We had this same error before the upgrade. It's much less noisy now
but same thing - sink_died
>
> On 02/10/12 15:55, Kelly McLaughlin wrote:
>>
>> John and Shane,
>>
>> I have been looking into some memory issues lately and I would be very
>> interested in more
>> information about your particular problems. If either of you are able to
>> get some output
>> from etop using the -sort memory option when you are having elevated
>> memory usage it
>> would be very helpful to see.

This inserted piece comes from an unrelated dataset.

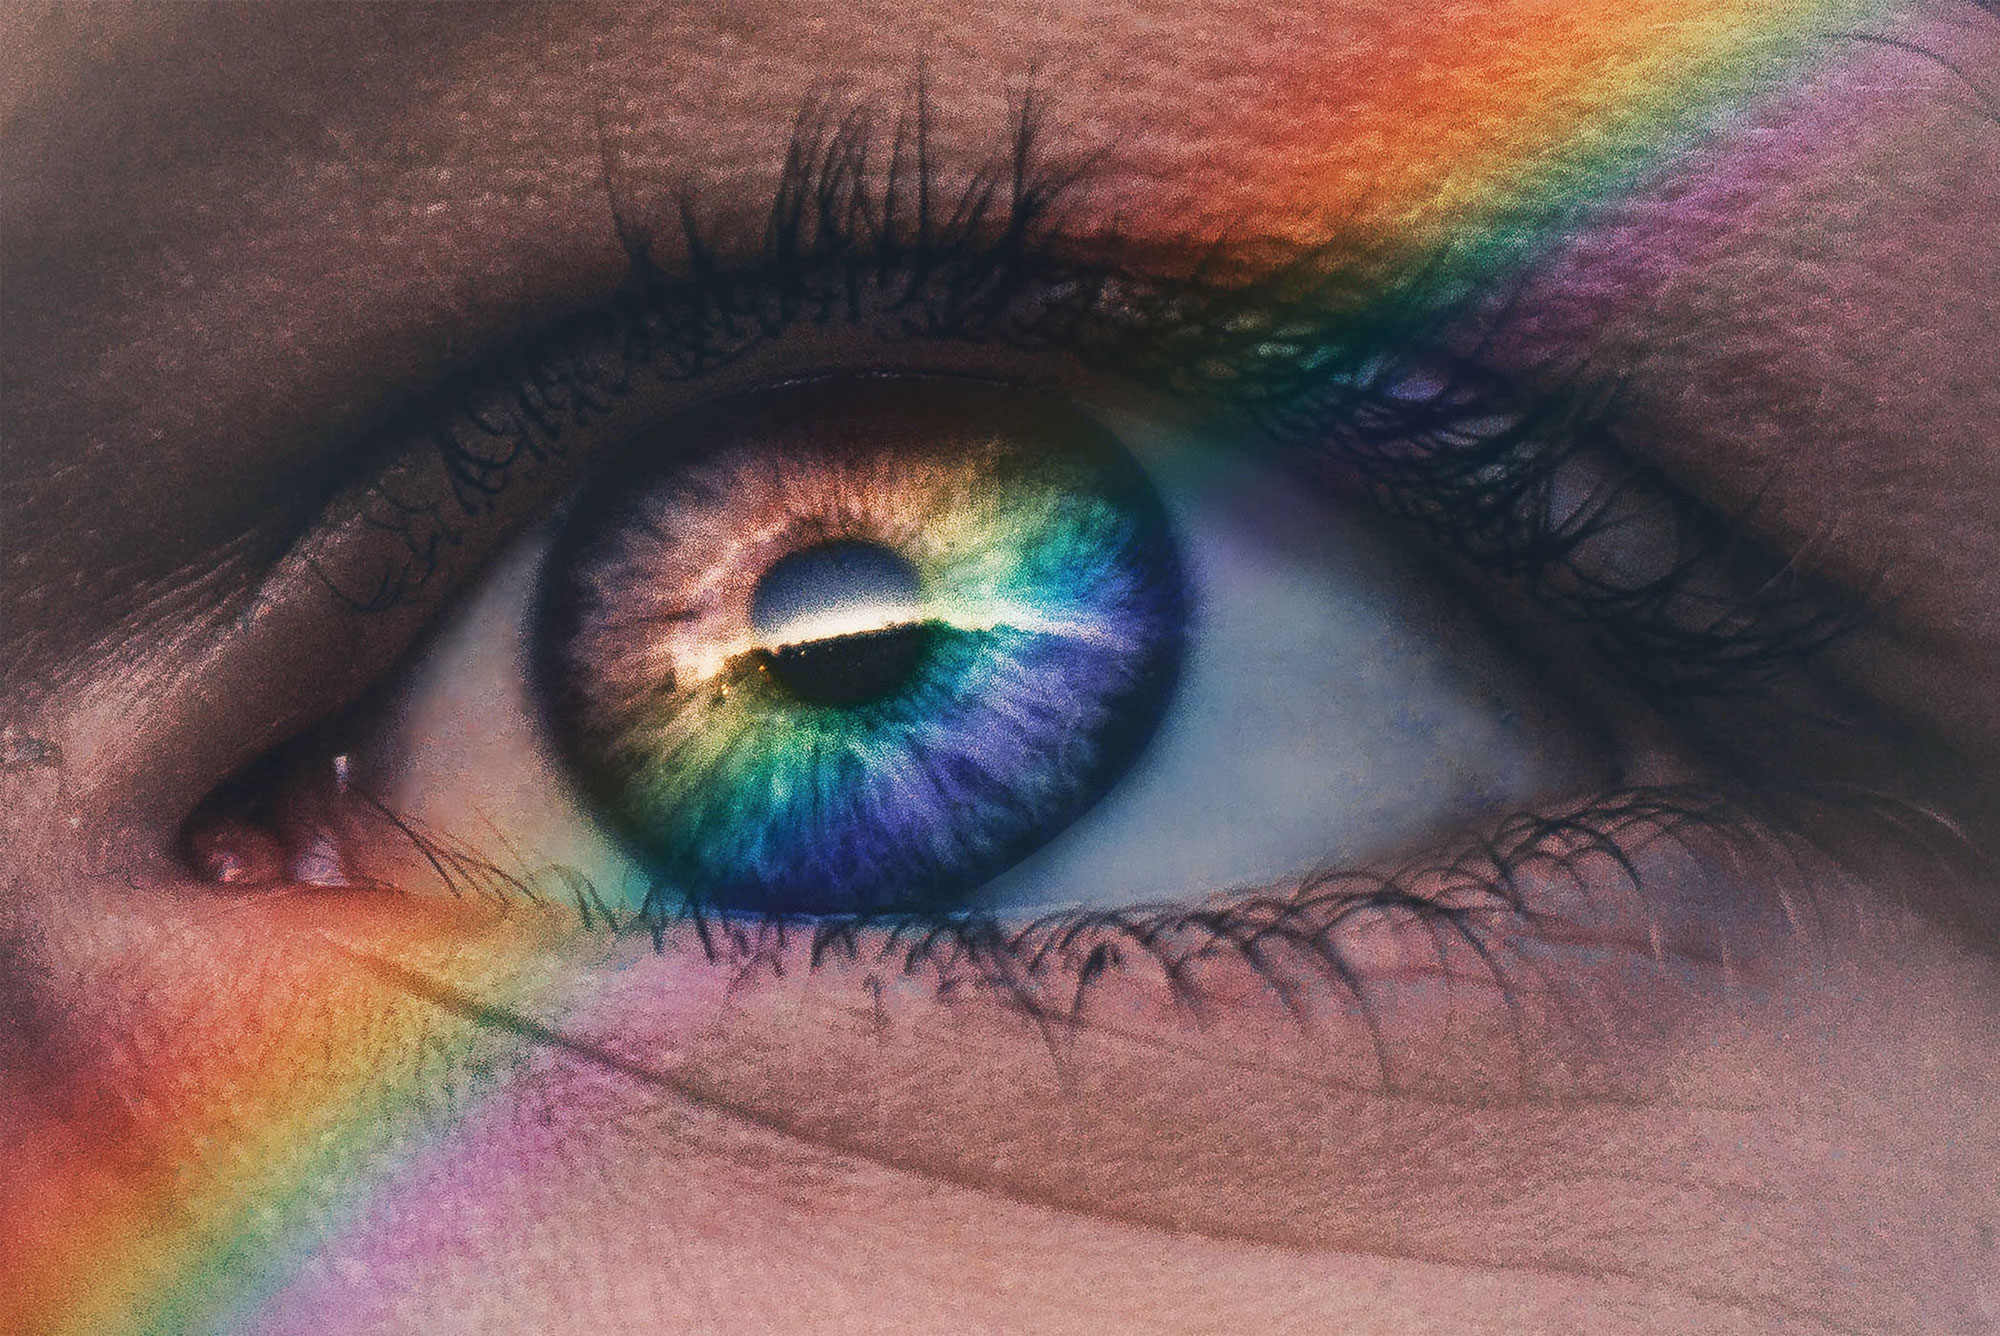 Close up image of an eye with rainbow across it

I know that sometimes you get the
>> connection_lost message
>> when trying to use etop, but I have found that sometimes if you keep
>> trying it may succeed
>> after a few attempts.
>>
>> Are either of you using MapReduce? I see that John is using 2I. Shane, do
>> you also use 2I?
>> Finally, do you notice a lot of messages to the console or console log
>> that have the either the
>> phrase 'monitor large_heap' or 'monitor long_gc'?
>>
>> Kelly
>>
>> On Oct 2, 2012, at 6:11 AM, "John E. Vincent"

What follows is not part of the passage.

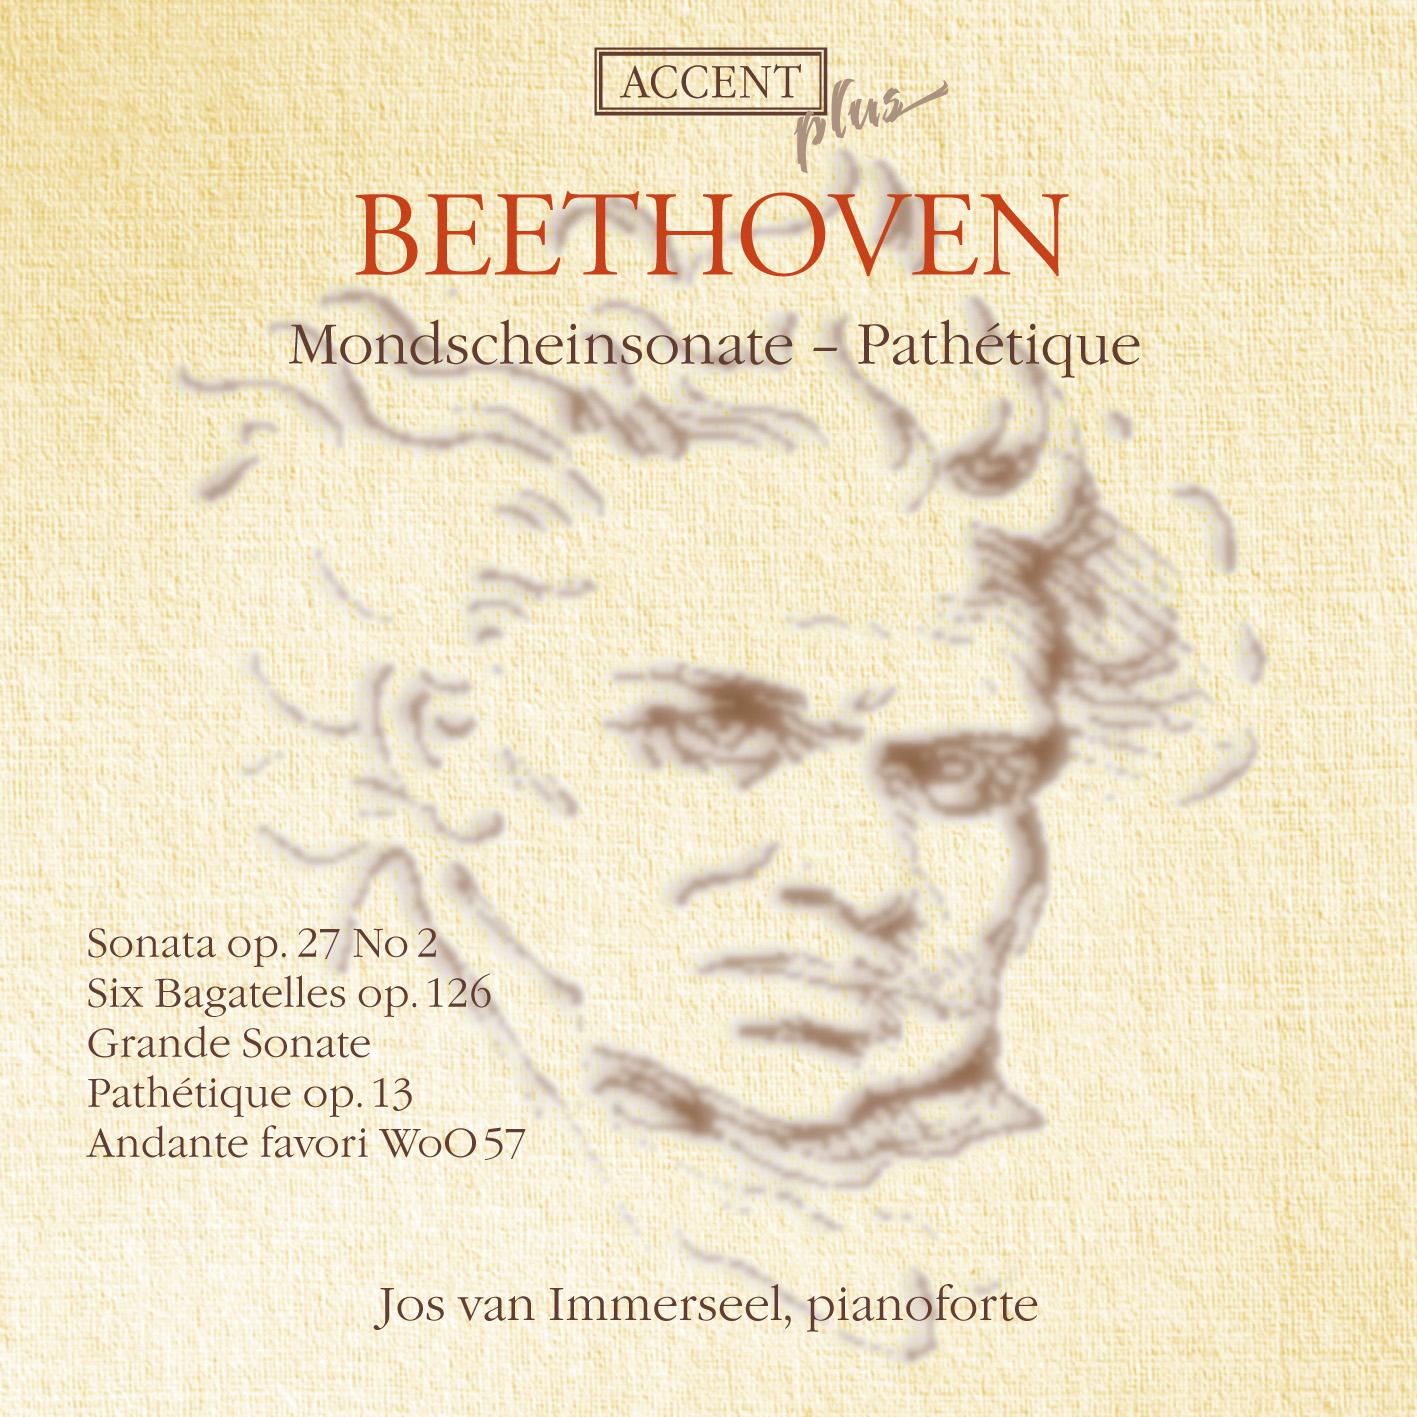 Beethoven: Pathe tique

>> <lusis.org+riak-us...@gmail.com> wrote:
>>
>>> I would highly suggest you upgrade to 1.2 when possible. We were, up
>>> until recently, running on 1.4 and seeing the same problems you
>>> describe. Take a look at this graph:
>>>
>>> http://i.imgur.com/0RtsU.png
>>>
>>> That's just one of our nodes but all of them exhibited the same
>>> behavior. The falloffs are where we had to bounce riak.
>>>
>>> This is what one of our nodes looks like now and has looked like since
>>> the upgrade:
>>>
>>> http://i.imgur.com/pm7Nk.png
>>>
>>> The change was SO dramatic that I seriously though /stats was broken.

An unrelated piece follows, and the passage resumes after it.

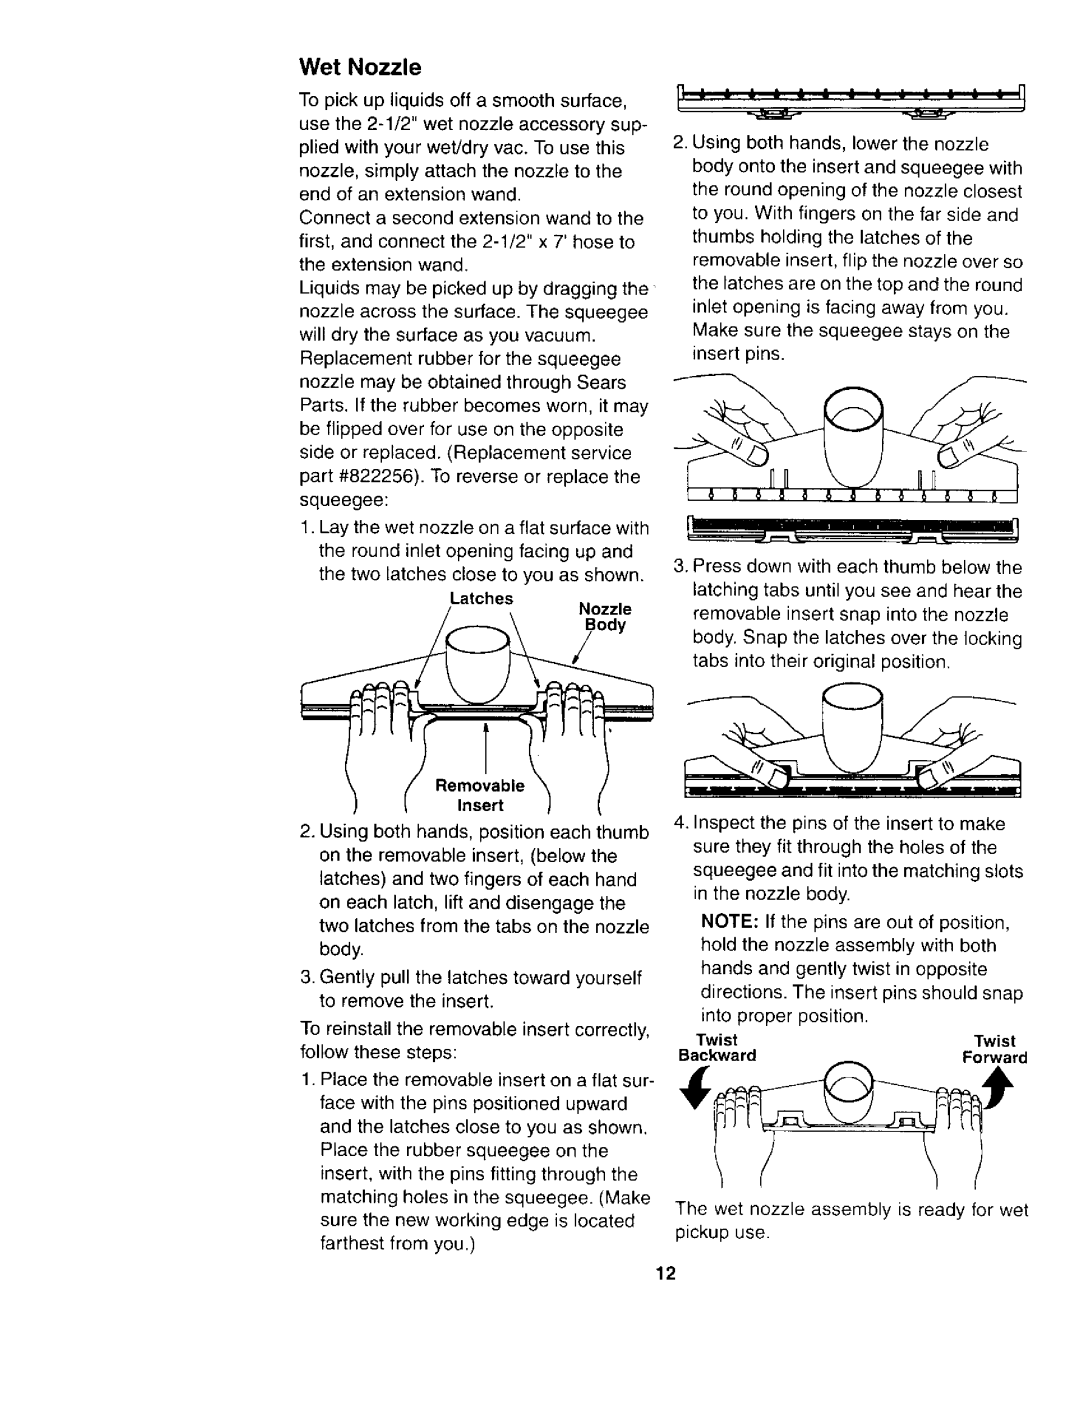 Sears 113.177035 owner manual Wet Nozzle, Removable Insert

>>> I've verified outside of Riak and inside. The memory usage change was
>>> very positive. Evidently there's even still a memory leak.
>>>
>>> We're heavy 2i users. No multi backend.
>>>
>>> On Tue, Oct 2, 2012 at 4:08 AM, Shane McEwan <sh...@mcewan.id.au> wrote:
>>>>
>>>> G'day!
>>>>
>>>> Just recently we've noticed memory usage in our Riak cluster constantly
>>>> increasing.
>>>>
>>>> The memory usage reported by the Riak stats "memory_total" parameter has
>>>> been less than 100MB for nearly a year but has recently increased to
>>>> over
>>>> 1GB.
>>>>
>>>> If we restart the cluster memory usage usually returns back to what we
>>>> would
>>>> call "normal" but after a week or so of stability the memory usage
>>>> starts
>>>> gradually growing again. Sometimes after a growth spurt over a few days
>>>> the
>>>> memory usage will plateau and be stable again for a week or two and then
>>>> put
>>>> on another growth spurt. The memory usage starts increasing at the same
>>>> moment on all 4 nodes.
>>>>
>>>> This graph [http://imagebin.org/230614] shows what I mean. The green
>>>> shows
>>>> the memory usage as reported by "memory_total" (left-hand y-axis scale).
>>>> The
>>>> red line shows the memory used by Riak's beam.smp process (right-hand
>>>> y-axis
>>>> scale).
>>>>
>>>> Also notice that the gradient of the recent growth seems to be
>>>> increasing
>>>> compared to the memory increases we had in August.
>>>>
>>>> We might have just assumed that the memory usage was normal Riak
>>>> behaviour.
>>>> Perhaps we have just tipped over some sort of internal buffer or cache
>>>> and
>>>> that causes some more memory to be allocated. However, whenever we
>>>> notice
>>>> the memory usage increasing it always coincides with the "riak-admin
>>>> top"
>>>> command failing to run.
>>>>
>>>> We try to run "riak-admin top" to diagnose what is using the memory but
>>>> it
>>>> returns: "Output server crashed: connection_lost". If we restart the
>>>> cluster
>>>> the top command works fine (but, of course, there's nothing interesting
>>>> to
>>>> see after a restart!).
>>>>
>>>> So our theory at the moment is that some sort of instability or race
>>>> condition is causing Riak to start consuming more and more memory. A
>>>> side
>>>> effect of this instability is that the internal processes needed for
>>>> running
>>>> the top command are not working correctly. The actual functionality of
>>>> Riak
>>>> doesn't seem to be affected. Our application is running fine. We see a
>>>> slight increase in "FSM Put" times and CPU usage during the memory
>>>> growth
>>>> phases but all other parameters we're monitoring on the system seem
>>>> unaffected.
>>>>
>>>> There's nothing abnormal in the logs. We get a lot of
>>>> "riak_pipe_builder_sup
>>>> {sink_died,normal}" messages but they can be ignored, apparently. The
>>>> cluster is under constant load so we would expect to see either gradual
>>>> memory increase or a steady state but not both. Erlang process count,
>>>> open
>>>> file handles, etc are stable.
>>>>
>>>> So I was wondering if anyone has seen similar behaviour before?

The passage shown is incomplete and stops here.